_Task statement_: Repeat the listing word for word, but skip any pictures.

_Data extract_:
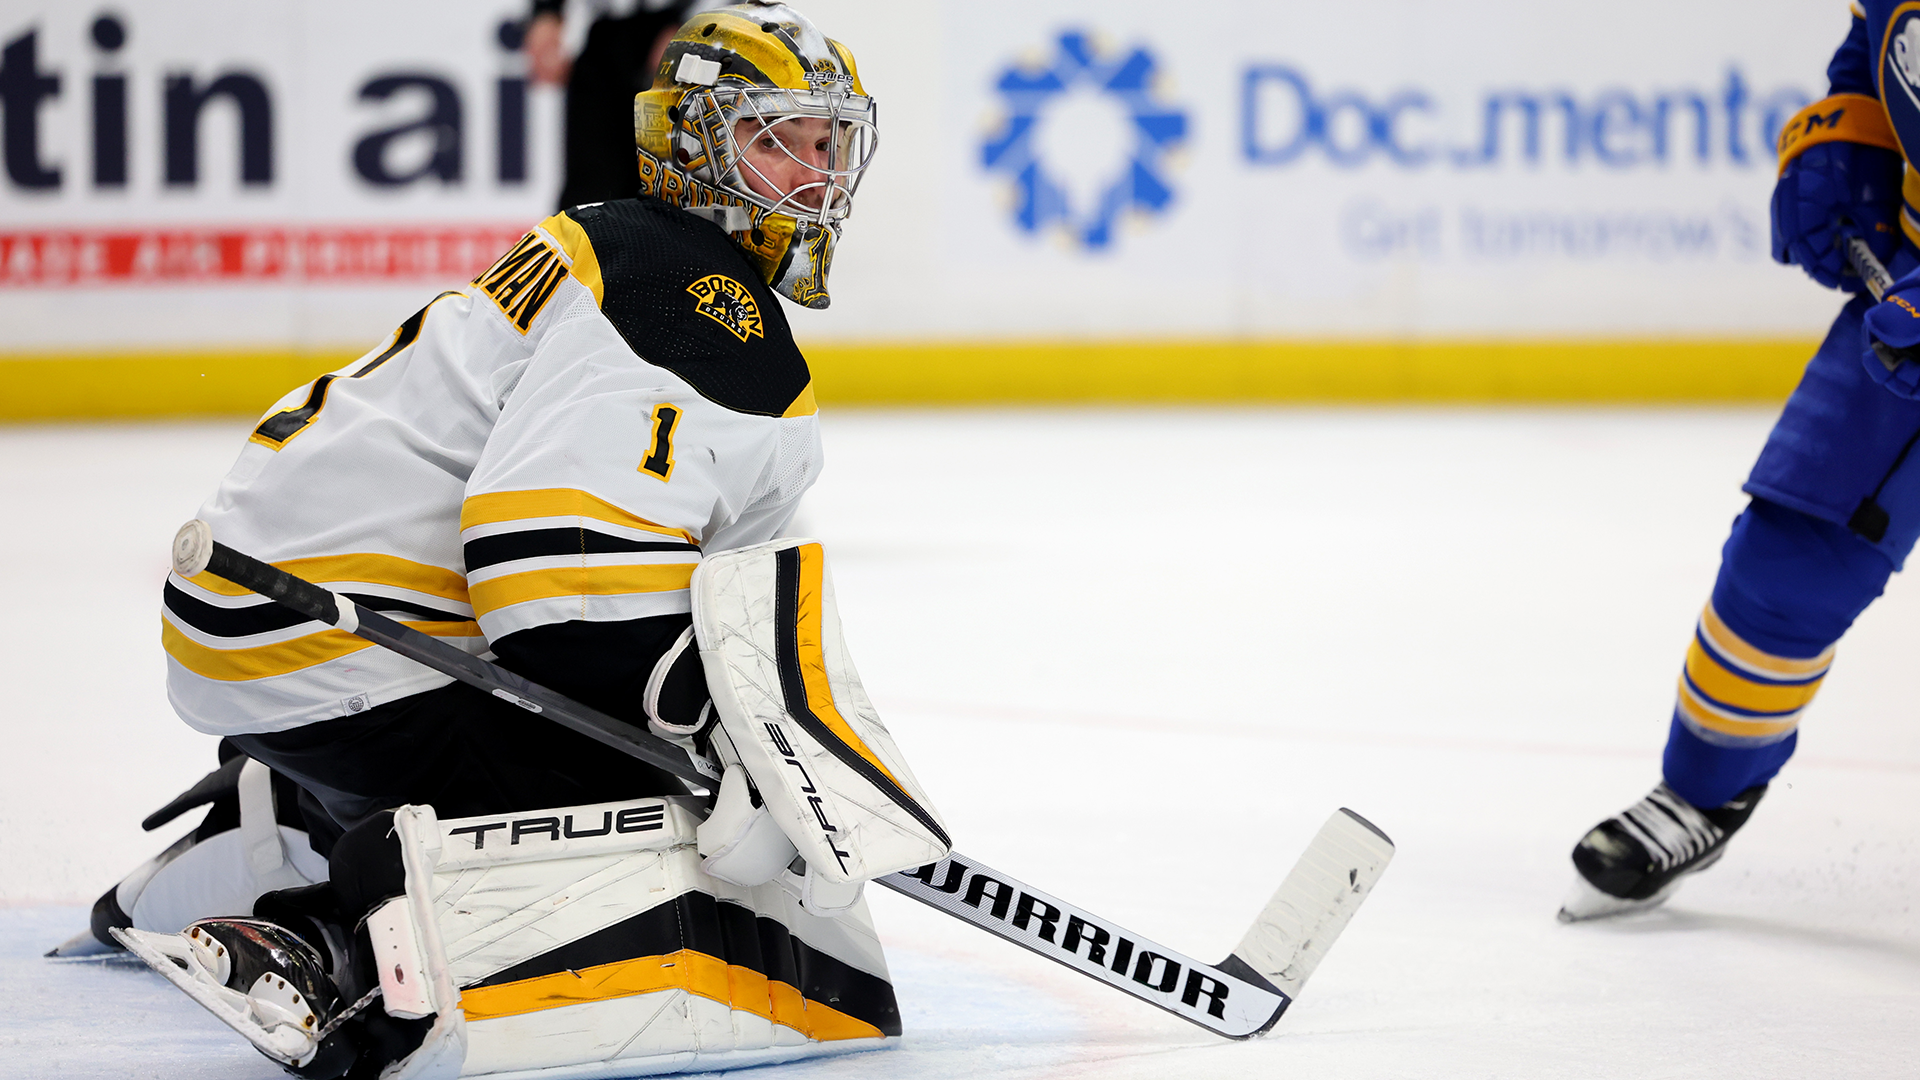 Bruins notebook: Former UMaine goalie Jeremy Swayman will get his chance –  just not yet
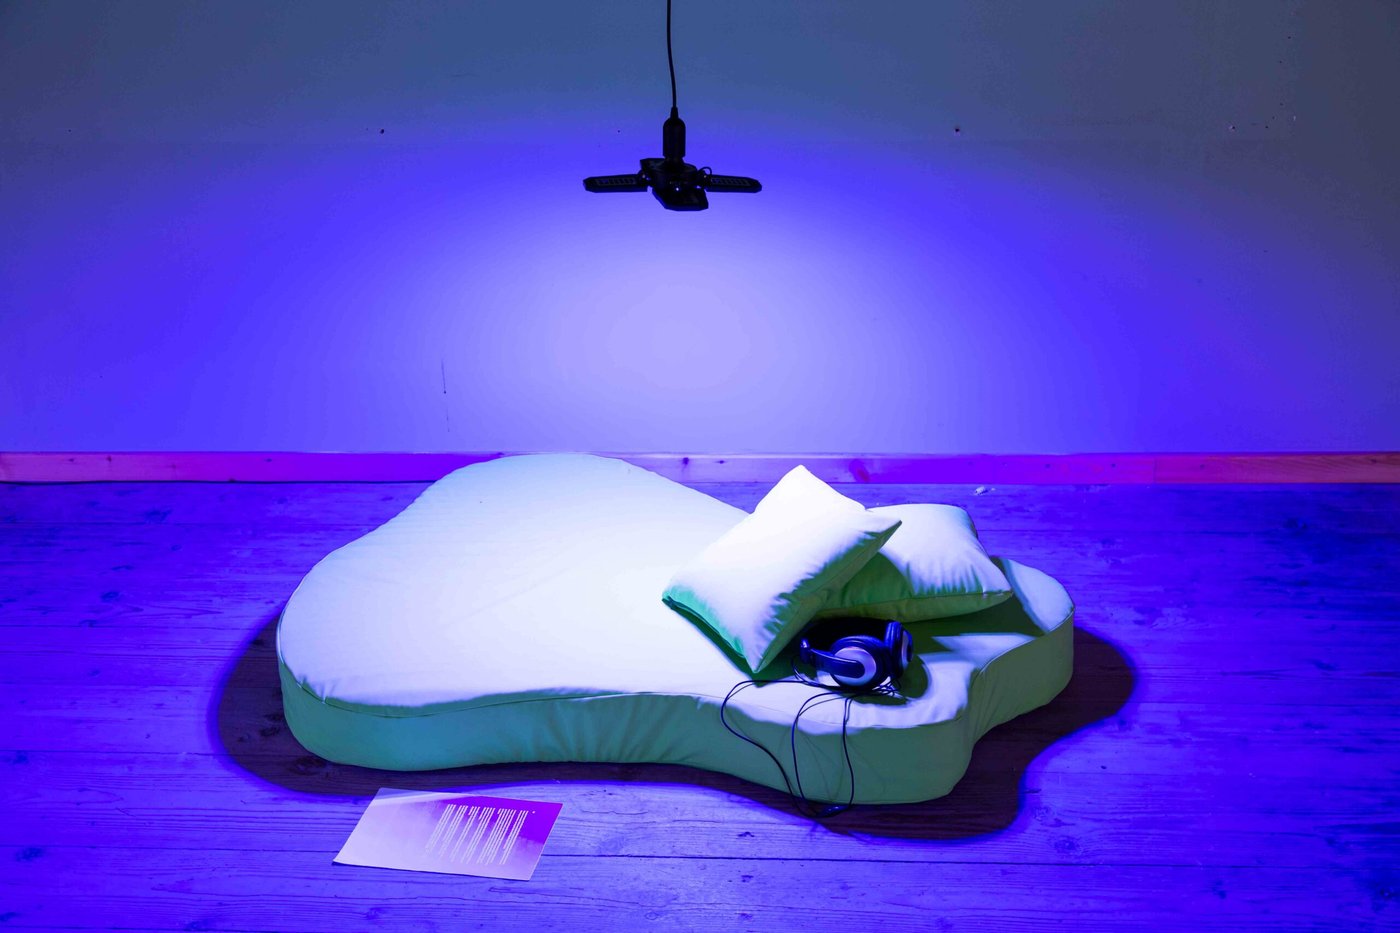 Matress an pillows on the floor with headphones on the side, in a blue lieght
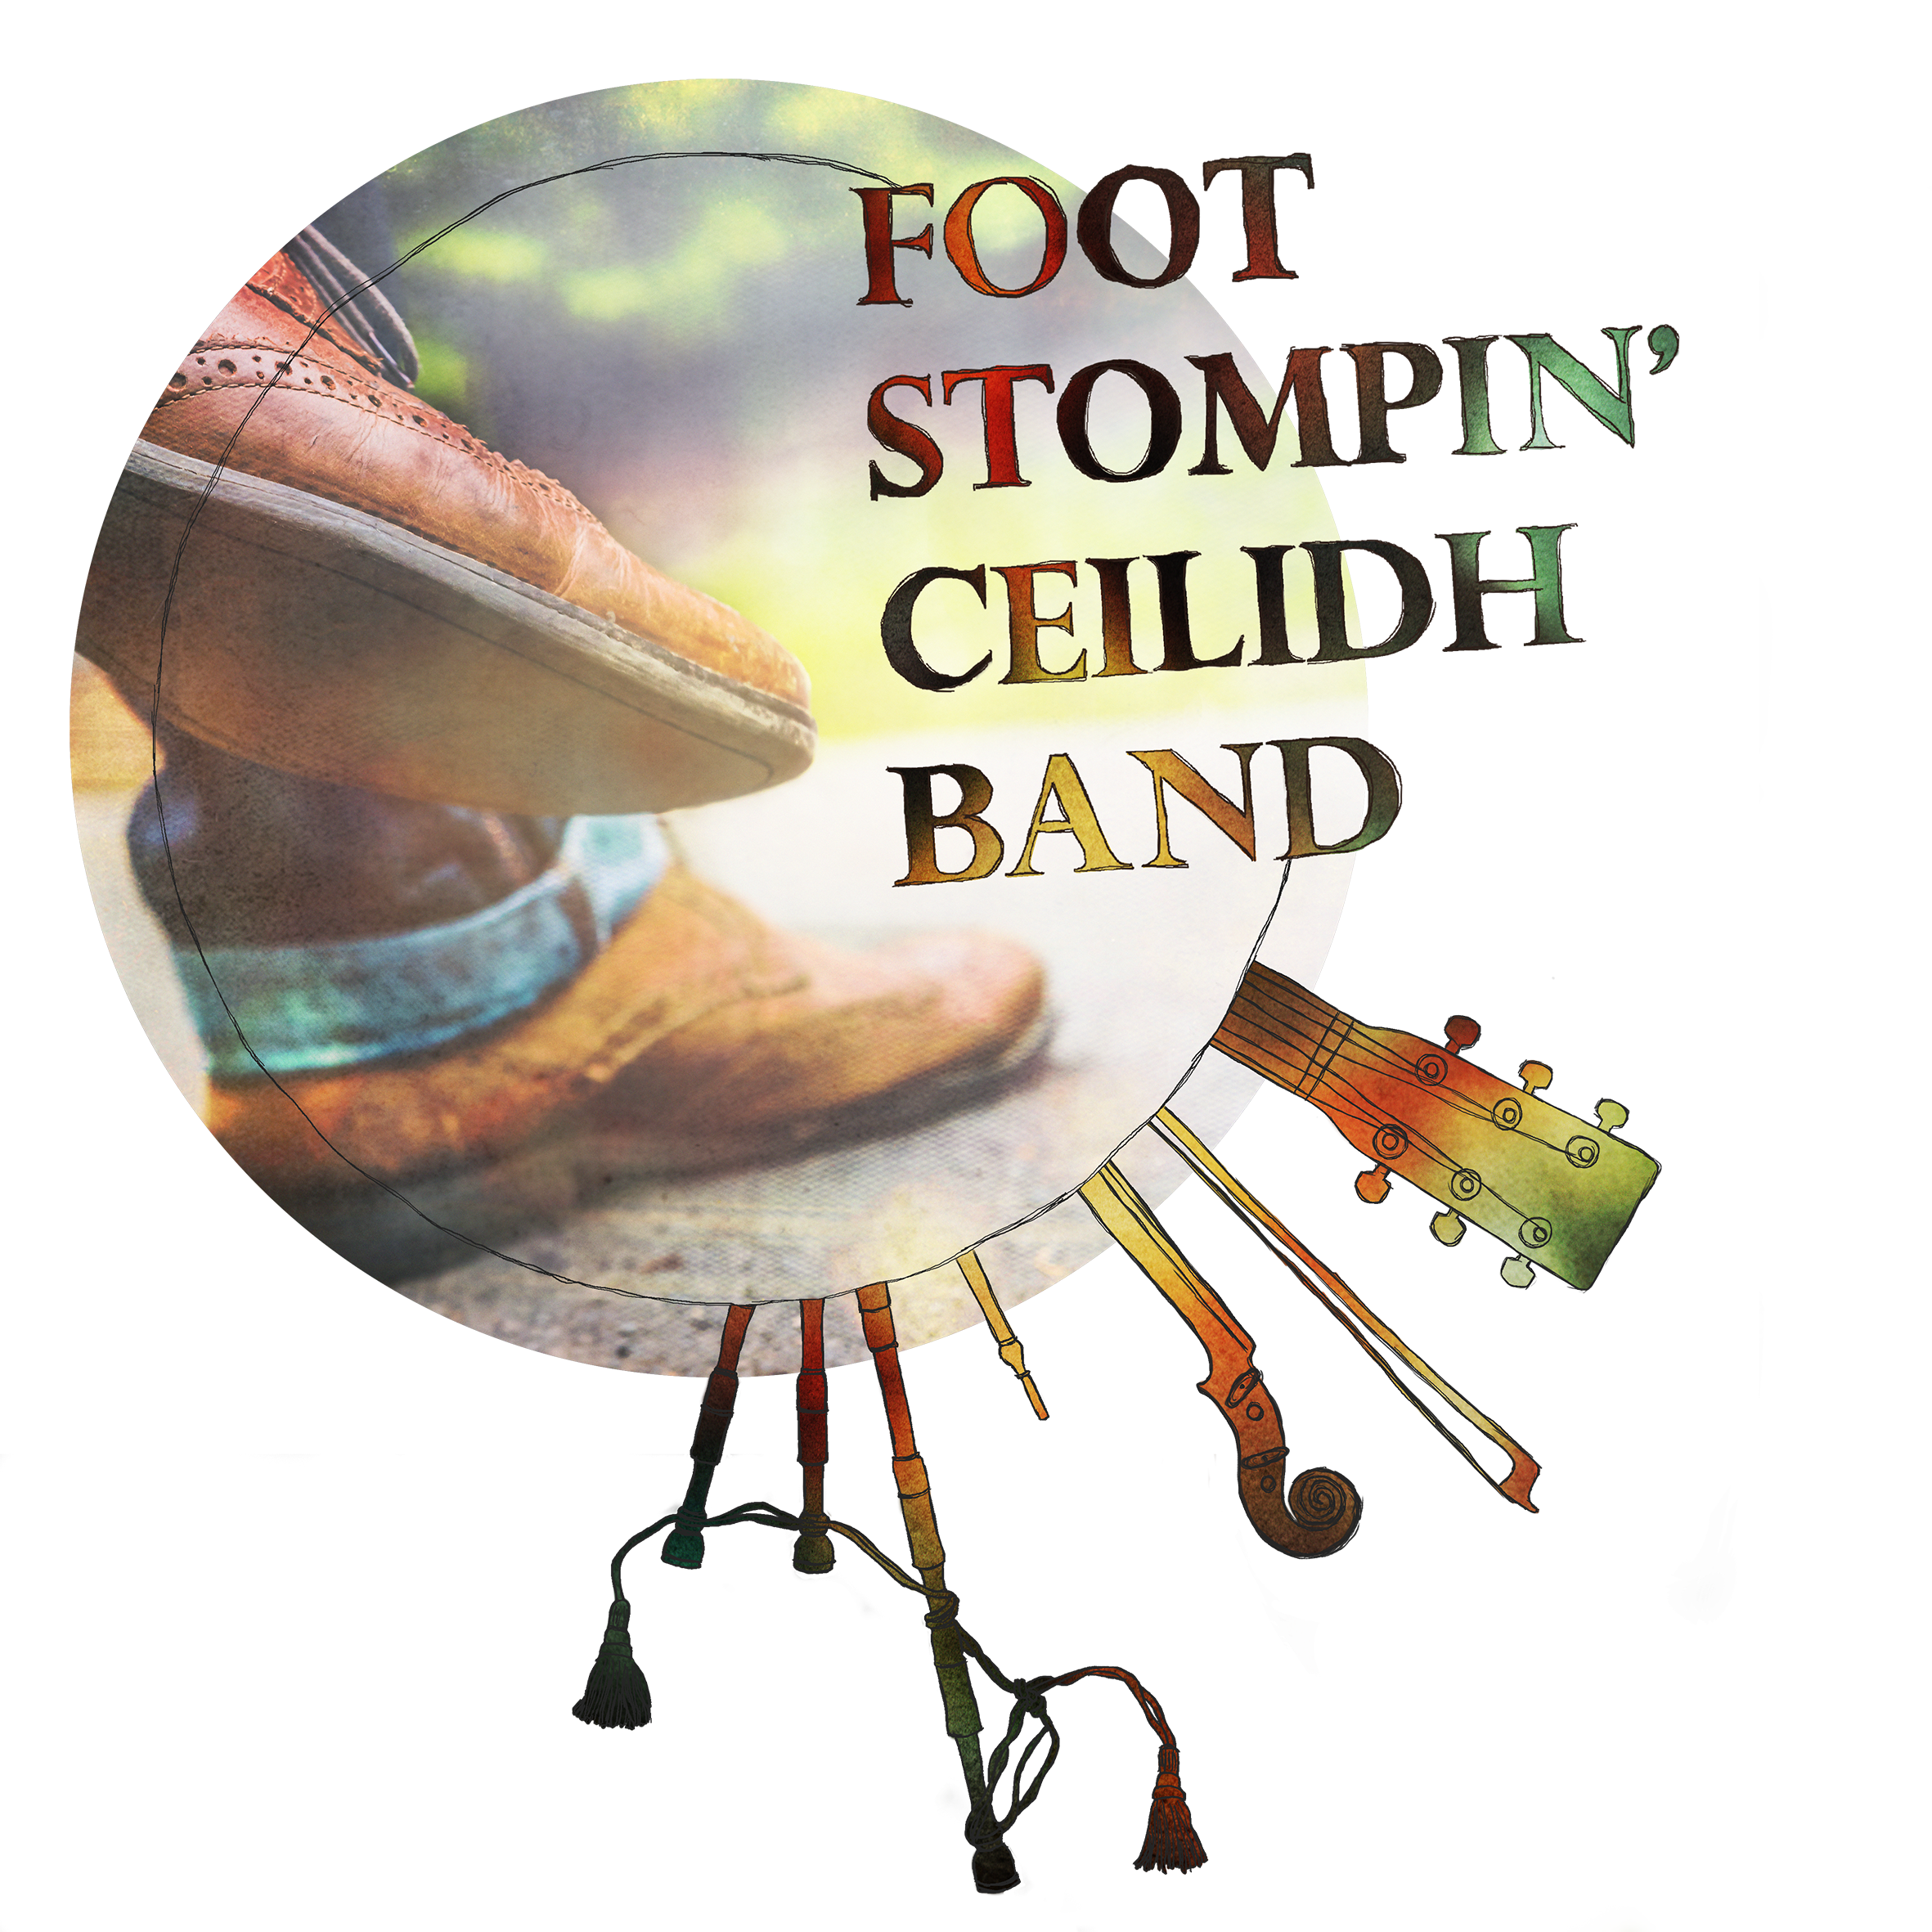 Foot Stompin' Ceilidh Band
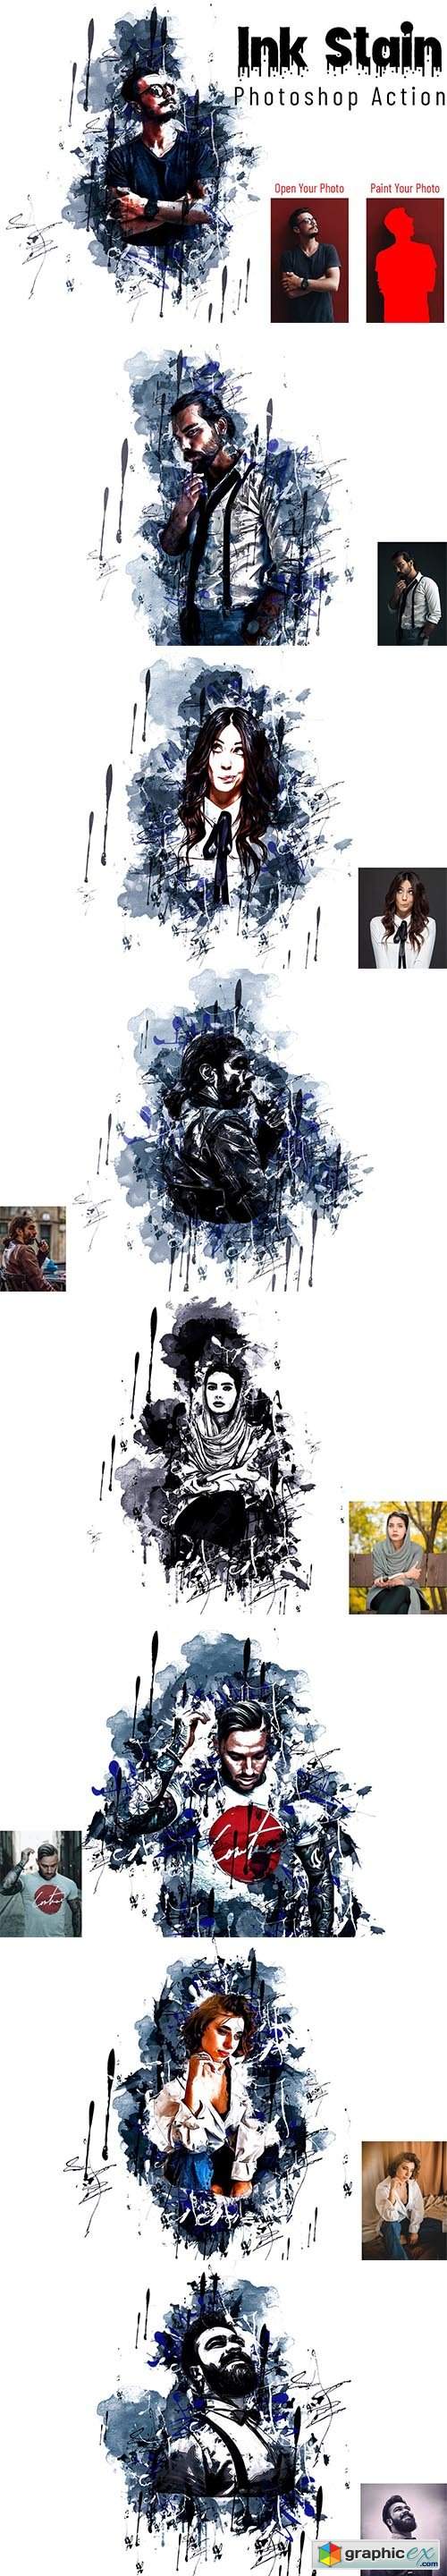 Ink Stain Photoshop Action

_Solution to the exercise_:
 Bruins notebook: Former UMaine goalie Jeremy Swayman will get his chance –  just not yet
 Matress an pillows on the floor with headphones on the side, in a blue lieght
 Foot Stompin' Ceilidh Band
 Ink Stain Photoshop Action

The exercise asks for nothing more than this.